For instance, consider the managerial structure of a company.

:alice :manages :bob .
:bob :manages :jeremy .
:bob :manages :emma .
:emma :manages :david .
:jeremy :manages :monica .

We would like to recognise which individuals in the company are “top-level managers”. We can use a rule to define a top-level manager as a person who manages someone and is not managed by anyone else.

[?x, rdf:type, :top_level_manager] :-
[?x, :manages, ?y],
not exists ?z in ([?z, :manages, ?x]) .
Finding patterns with rules (10)

The query

select ?x where {?x rdf:type :top_level_manager}

asking for the list of top level managers gives :alice as the answer.

We can now use a rule to define “junior employees” as those who have a manager but who themselves do not manage anyone else.

[?x, rdf:type, :junior_employee] :- 
[?y, :manages, ?x],
not exists ?z in ([?x, :manages, ?z]) .

The query for junior employees is then

select ?x where {?x rdf:type :junior_employee}

This returns :monica and :david as answers.

This was a short introduction to a sample of rule-based patterns which will be expanded with more examples and applications in my next articles.

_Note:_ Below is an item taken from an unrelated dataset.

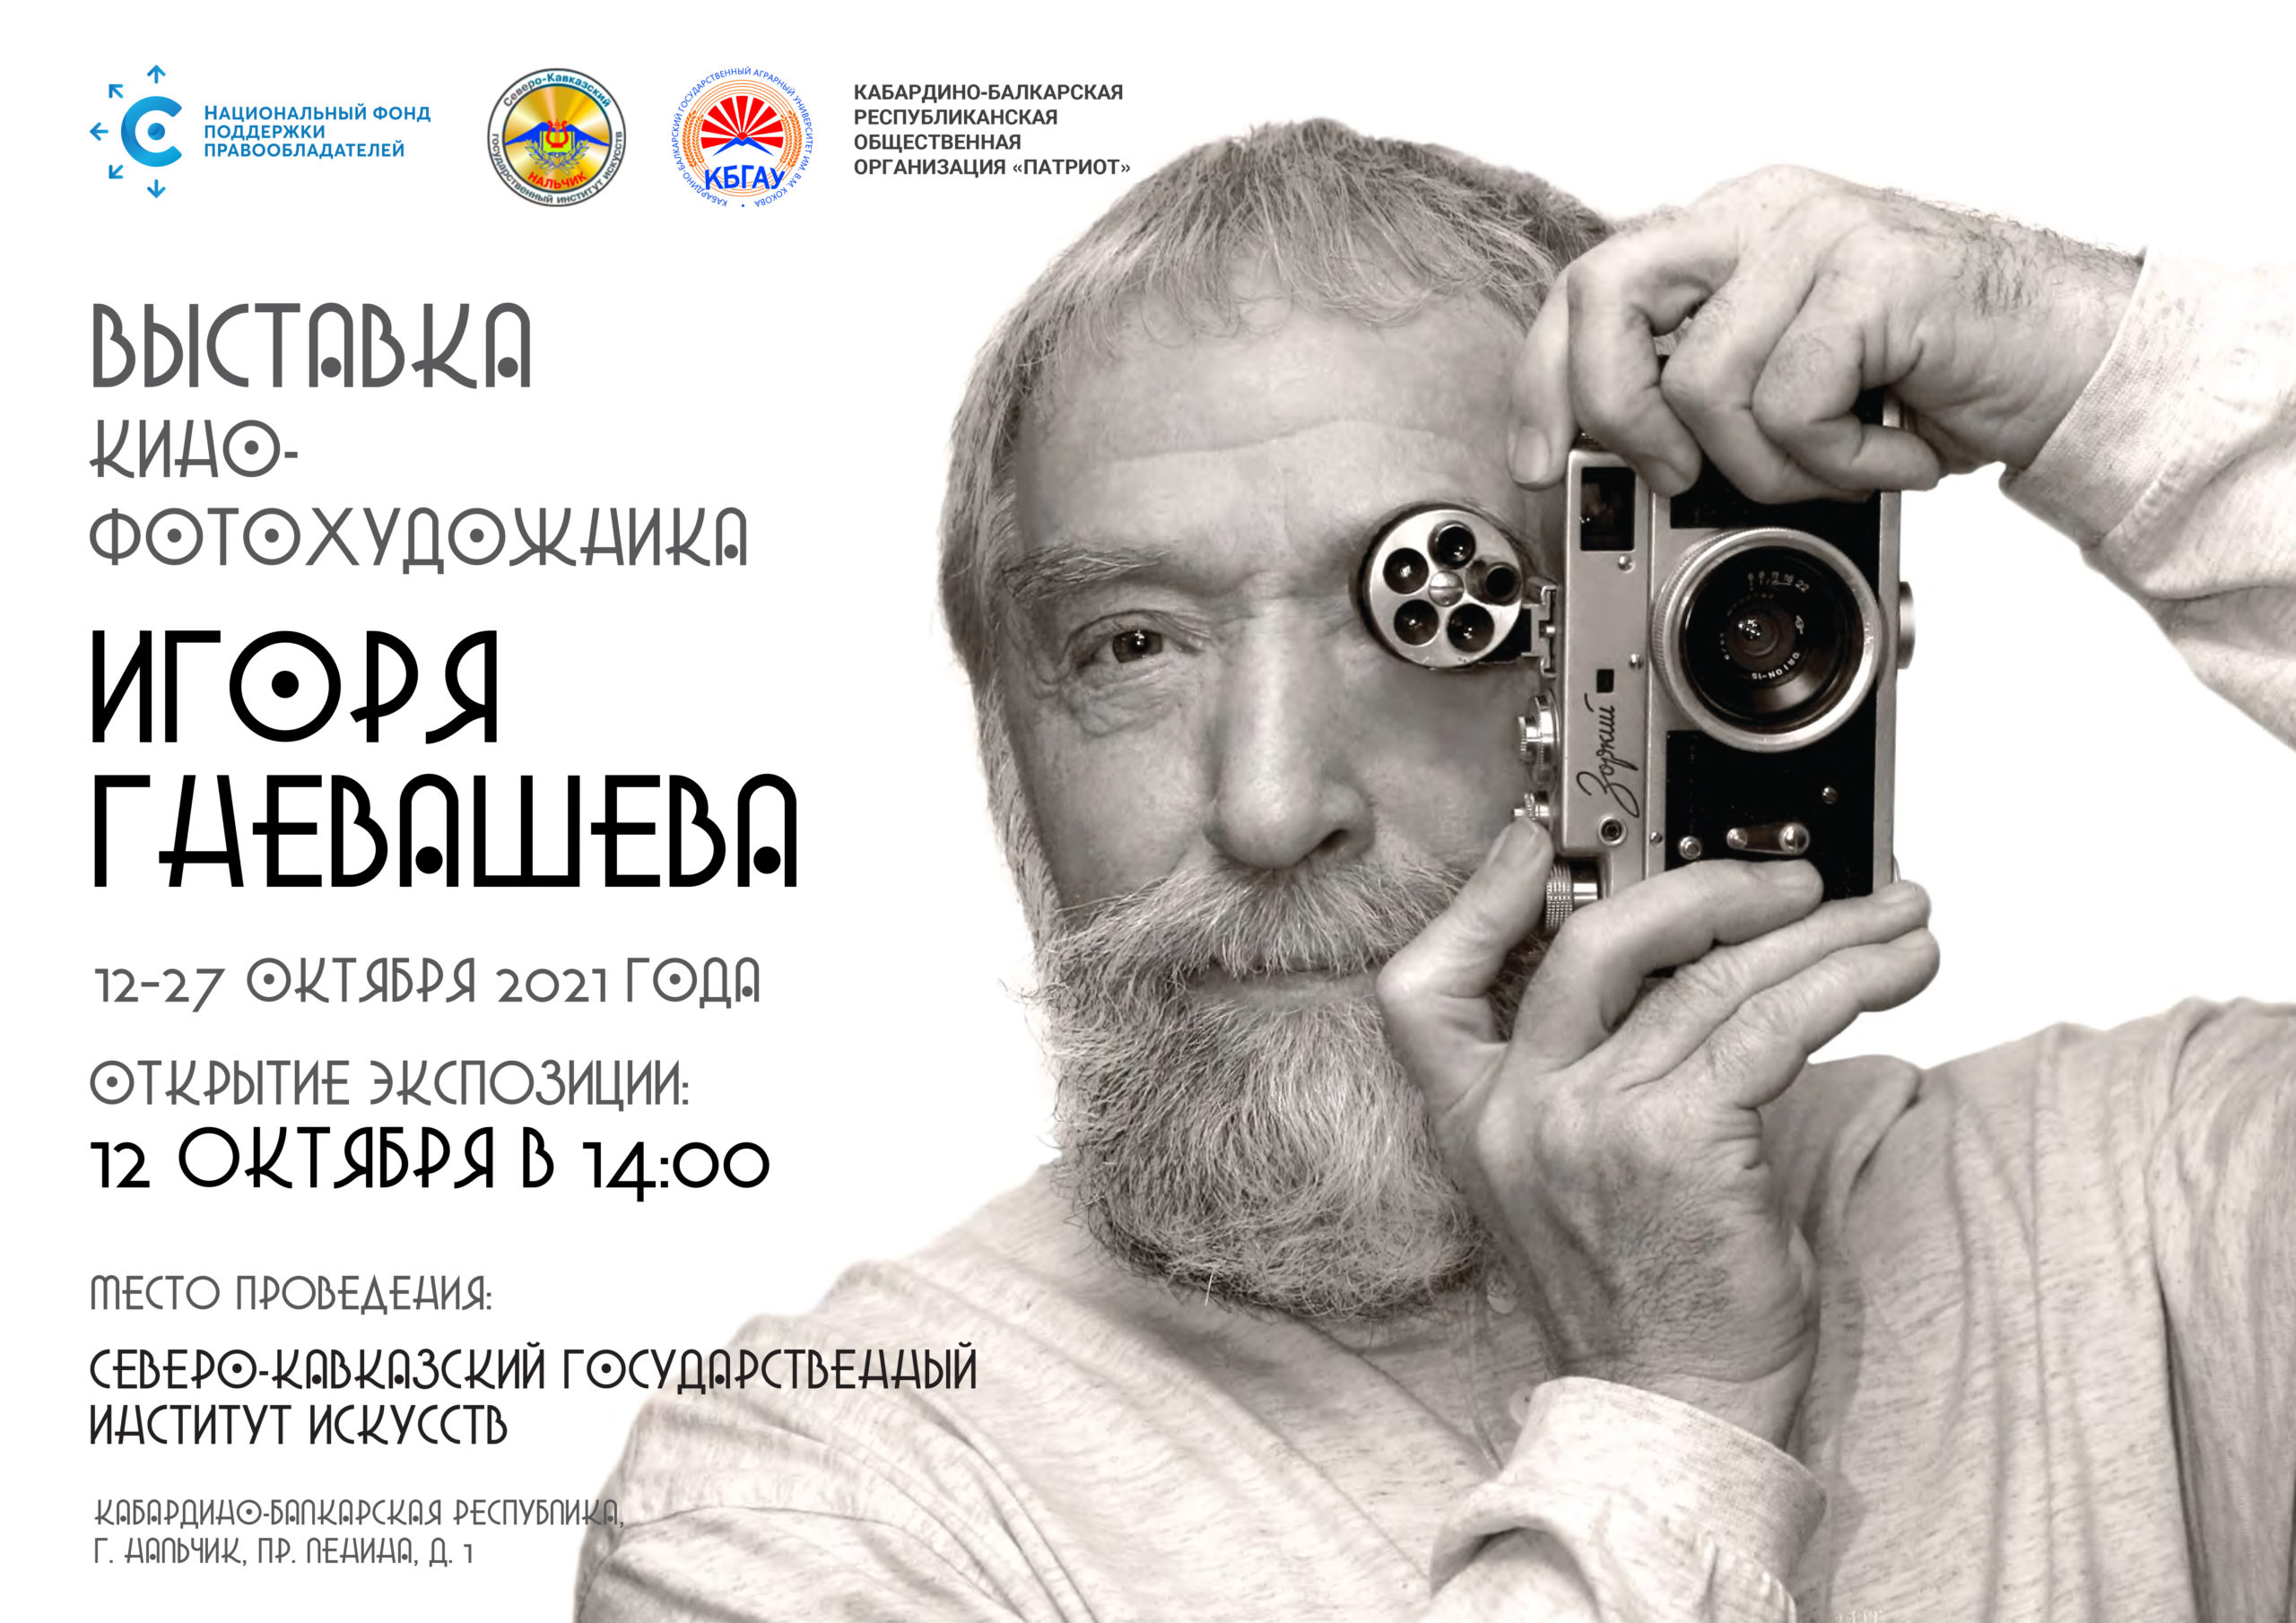 В Нальчике пройдет выставка фоторабот Игоря Гневашева, организованная НФПП

Imagine what is possible with the combination of these with other rules and when run at scale over your data.

If you would like to search for rule-based patterns yourself visit RDFox’s getting started guide.

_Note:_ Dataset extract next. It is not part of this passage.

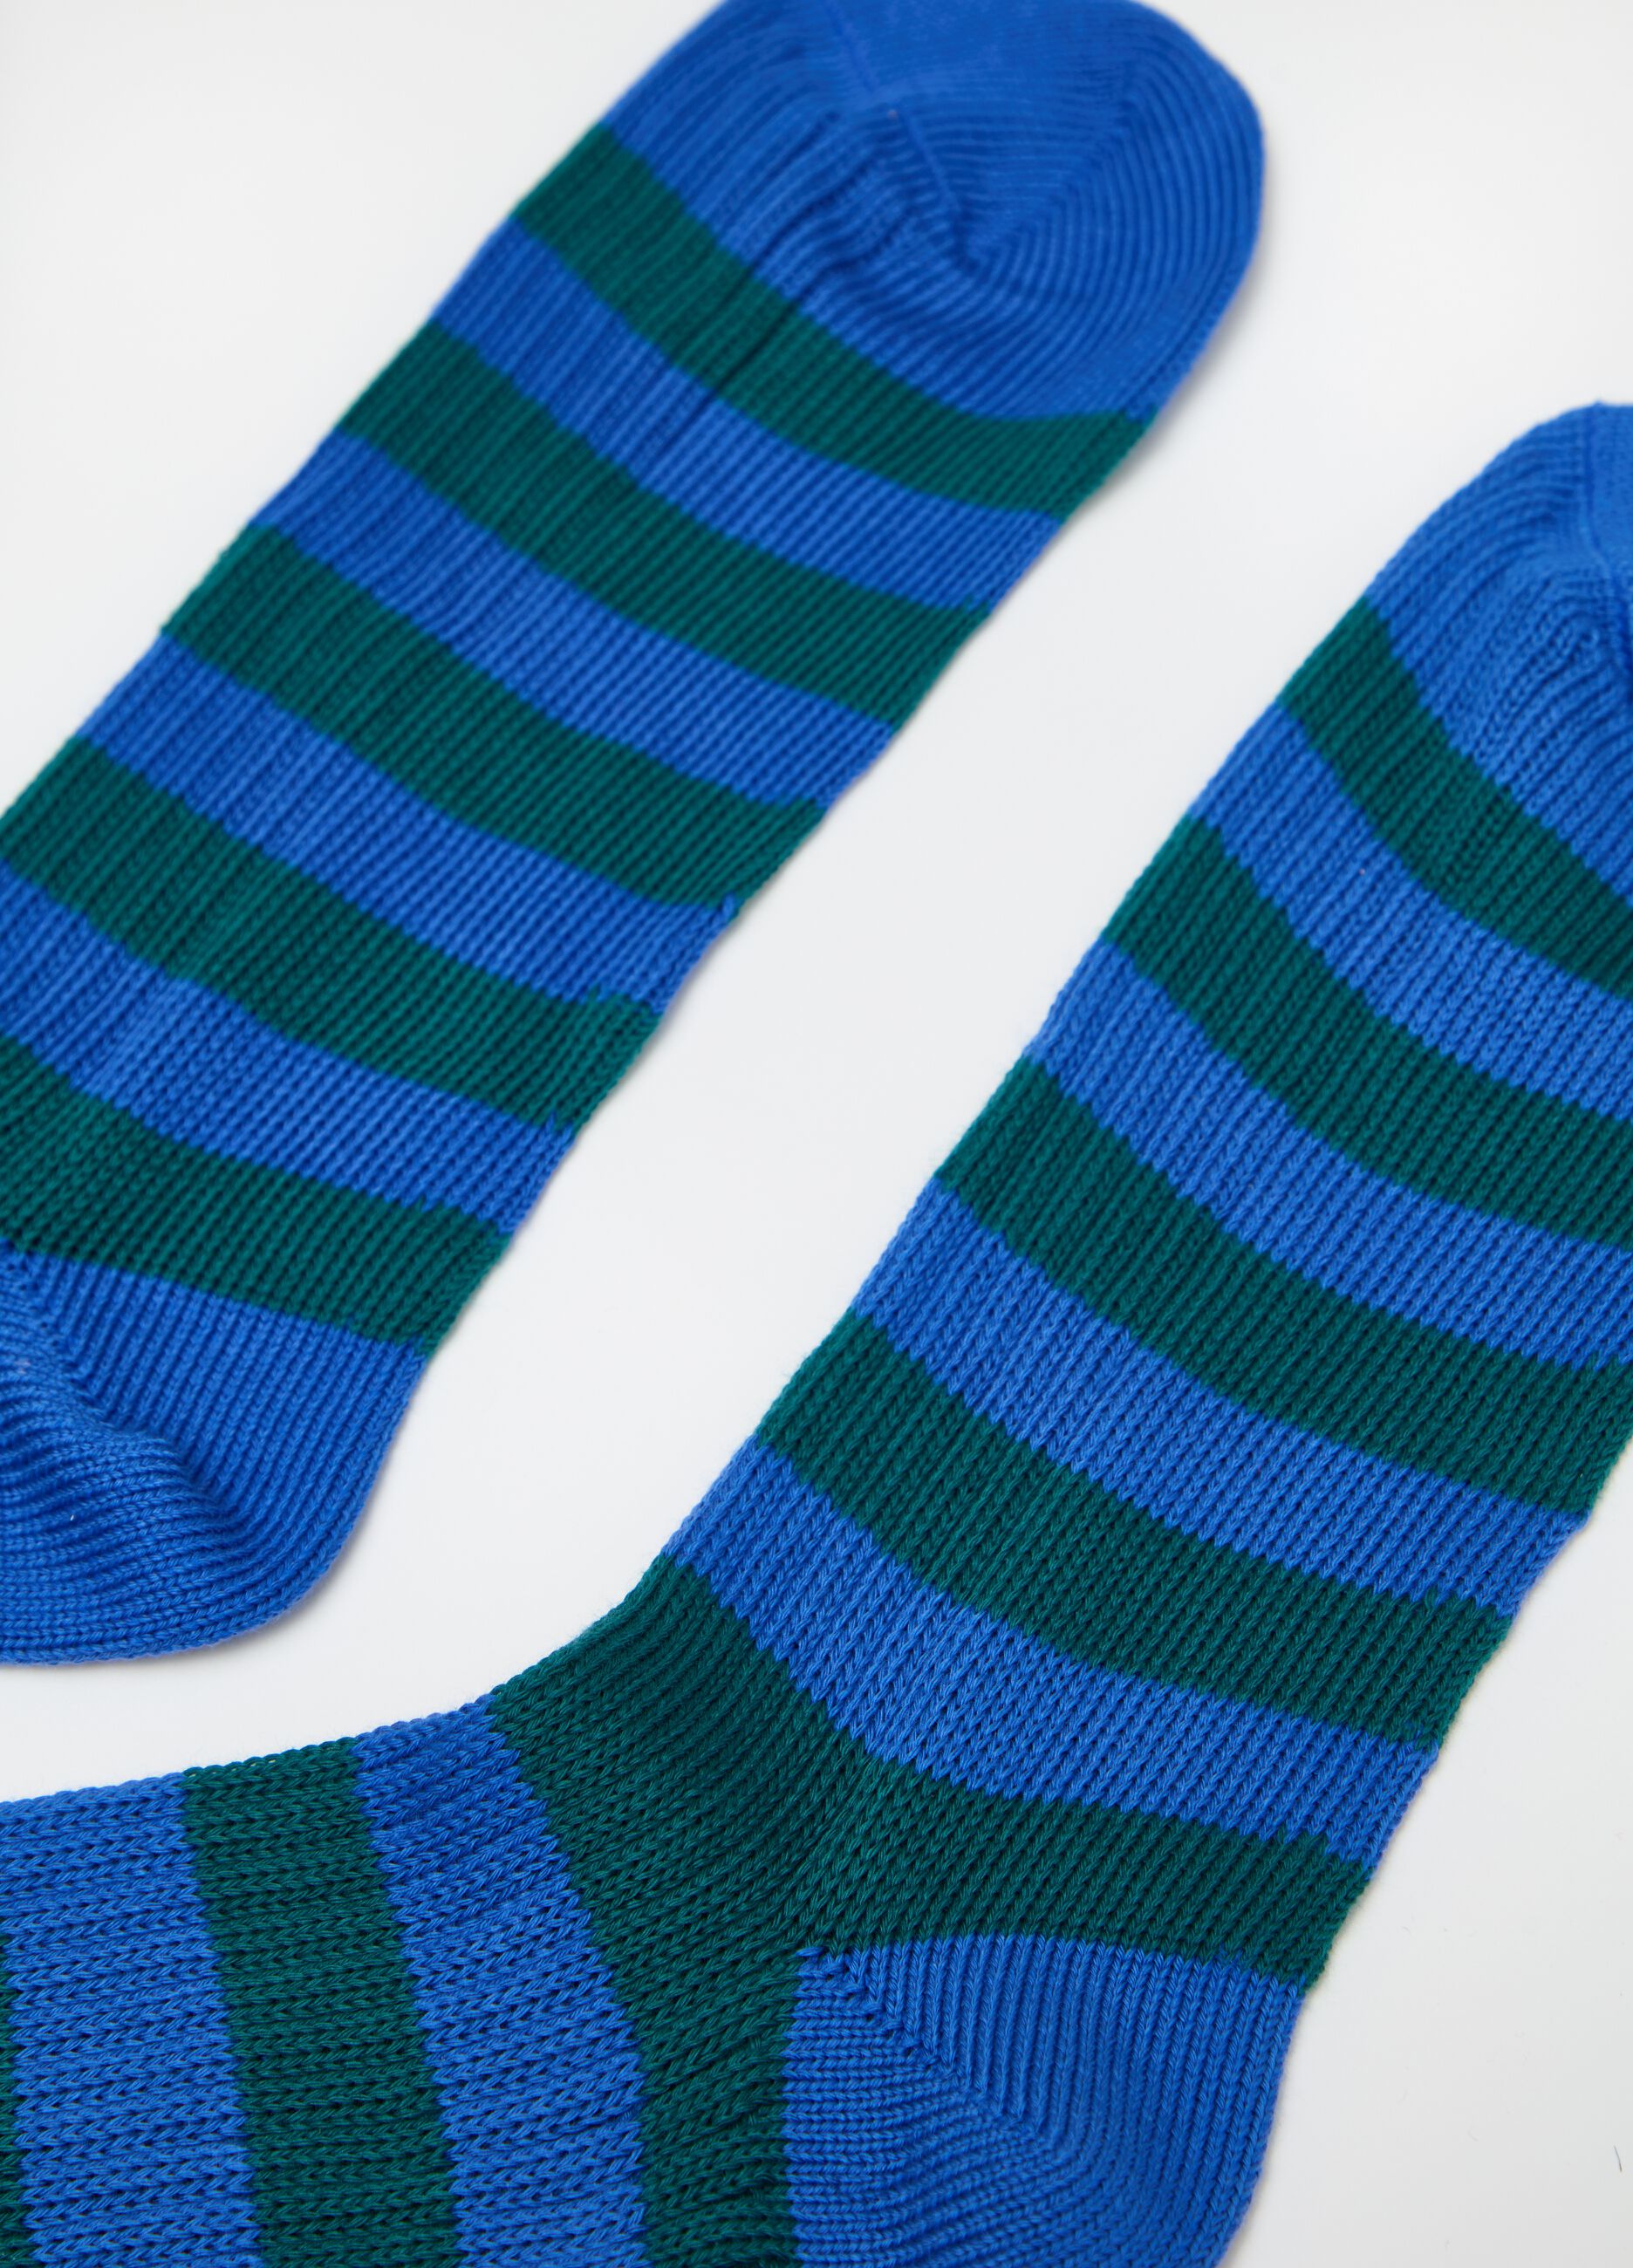 Long socks in striped cotton

The team behind Oxford Semantic Technologies started working on RDFox in 2011 at the Computer Science Department of the University of Oxford with the conviction that flexible and high-performance reasoning was a possibility for data extensive applications without jeopardising the correctness of the results. RDFox is the first market-ready knowledge graph designed from ground up with reasoning in mind. Oxford Semantic Technologies is a spin out of the University of Oxford and is backed by leading investors including Samsung Venture Investment Corporation (SVIC), Oxford Sciences Innovation (OSI) and Oxford University’s investment arm (OUI). The author is proud to be a member of this team.

Photo by Paweł Czerwiński on Unsplash

Finding patterns with rules (2024)
Top Articles
Latest Posts
Article information

Author: Jeremiah Abshire

Last Updated:

Views: 5713

Rating: 4.3 / 5 (74 voted)

Reviews: 81% of readers found this page helpful

Author information

Name: Jeremiah Abshire

Birthday: 1993-09-14

Address: Apt. 425 92748 Jannie Centers, Port Nikitaville, VT 82110

Phone: +8096210939894

Job: Lead Healthcare Manager

Hobby: Watching movies, Watching movies, Knapping, LARPing, Coffee roasting, Lacemaking, Gaming

Introduction: My name is Jeremiah Abshire, I am a outstanding, kind, clever, hilarious, curious, hilarious, outstanding person who loves writing and wants to share my knowledge and understanding with you.